There is a reason why journalists are reminded not to show outward signs of emotion before virtually every major sporting event in the US, why the GAA informs media that the wearing of county colours is frowned upon in the Croke Park press box, and why Sports Illustrated fired a freelance Nascar writer in 2011 for clapping at the Daytona 500.

It’s not always an unwritten rule that is followed to the letter.

Cold will be the heart that doesn’t skip a silent beat when Ireland take on Italy on Sunday, or France a week later, but you wonder what the folks at Sports Illustrated would make of the sight of the BBC’s Jonathan Davies and others jumping for delirious joy in Twickenham’s media area after Wales defeated England.

Is it any wonder Andy Farrell is confused?

Rugby a minor London diversion

“Taking the Tube in London is a novelty for the first week,” the brother-in-law told us three years ago when he was working at the 2012 London Olympics. “After that it’s just a grind.”

He was absolutely right, but this is still a city that provides an endless supply of delights and the view from Primrose Hill is up there with the best.

Located on the northern side of Regent’s Park, the summit offers a panoramic snapshot of Central London and all its landmarks.

It sits surrounded by a network of affluent areas, such as St John’s Wood, Swiss Cottage and Belsize Park, as well as the grittier Camden Town, so it was instructive to flit around the hill and the park last Saturday morning.

England may have been facing Wales in the biggest game of the Rugby World Cup to date that evening, but the fields of Regent’s Park were swarming with hundreds if not thousands of children playing football, the vast majority of them decked out in the colours of their local area’s underage club rather than those of the Premier League.

A run around the area confirmed yet again just how dominant football is.

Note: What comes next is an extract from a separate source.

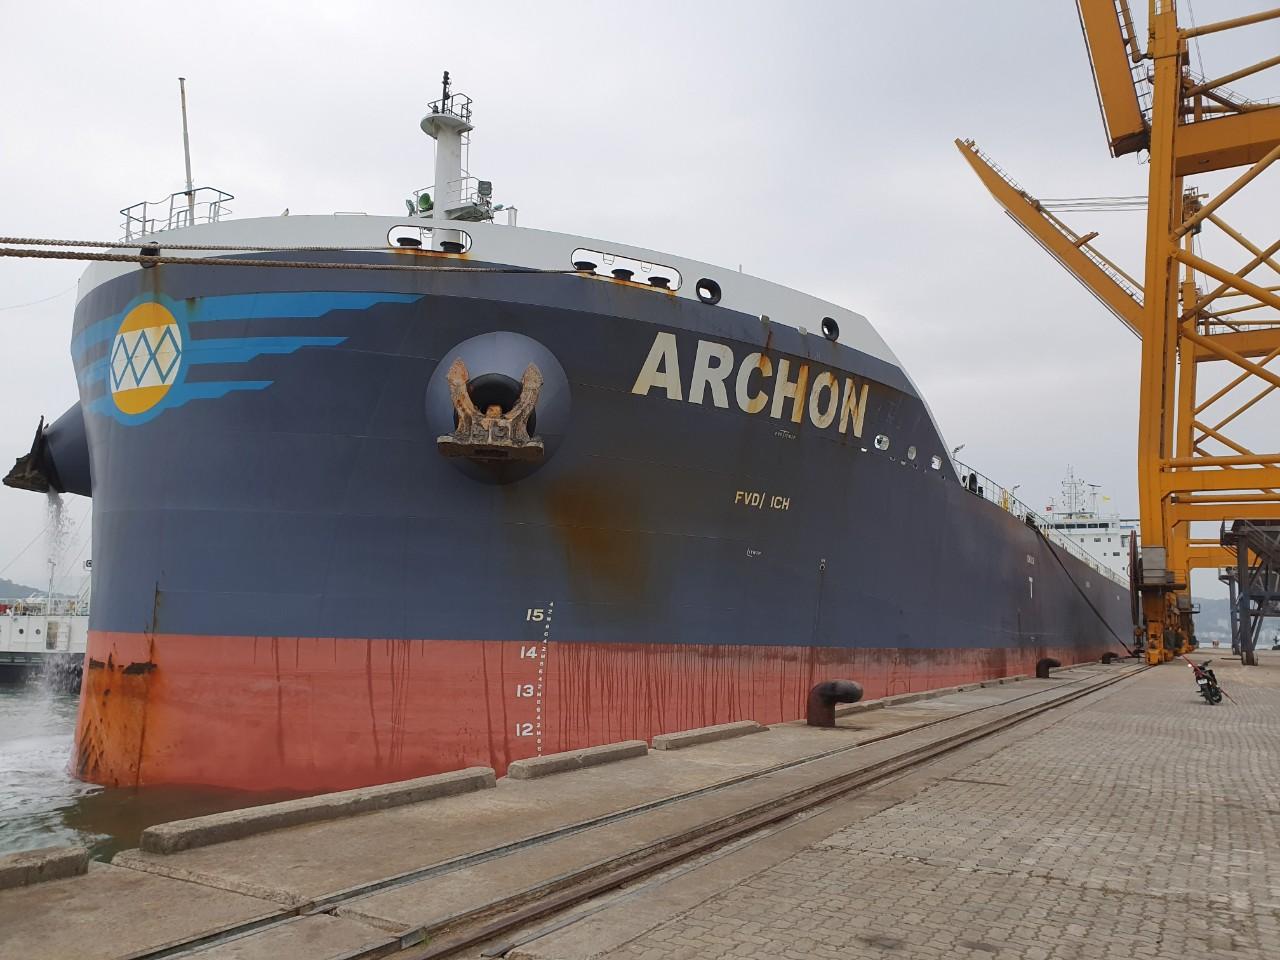 Tầu ARCHON Ngô + Khô Đậu Cảng Cái Lân

There was the odd rugby pitch, but the two spotted went unused. Though hardly the most scientific of findings, it chimed with everything people living in the city have told us in the past two weeks and it put into perspective the relative importance of tomorrow’s meeting between England and Australia.

Elimination would undoubtedly be a blow to the RFU’s hopes of injecting more widespread interest in the game’s grassroots, but it is impossible to see how rugby will ever be anything more than a distant second, third or fourth to the all-conquering Beautiful Game.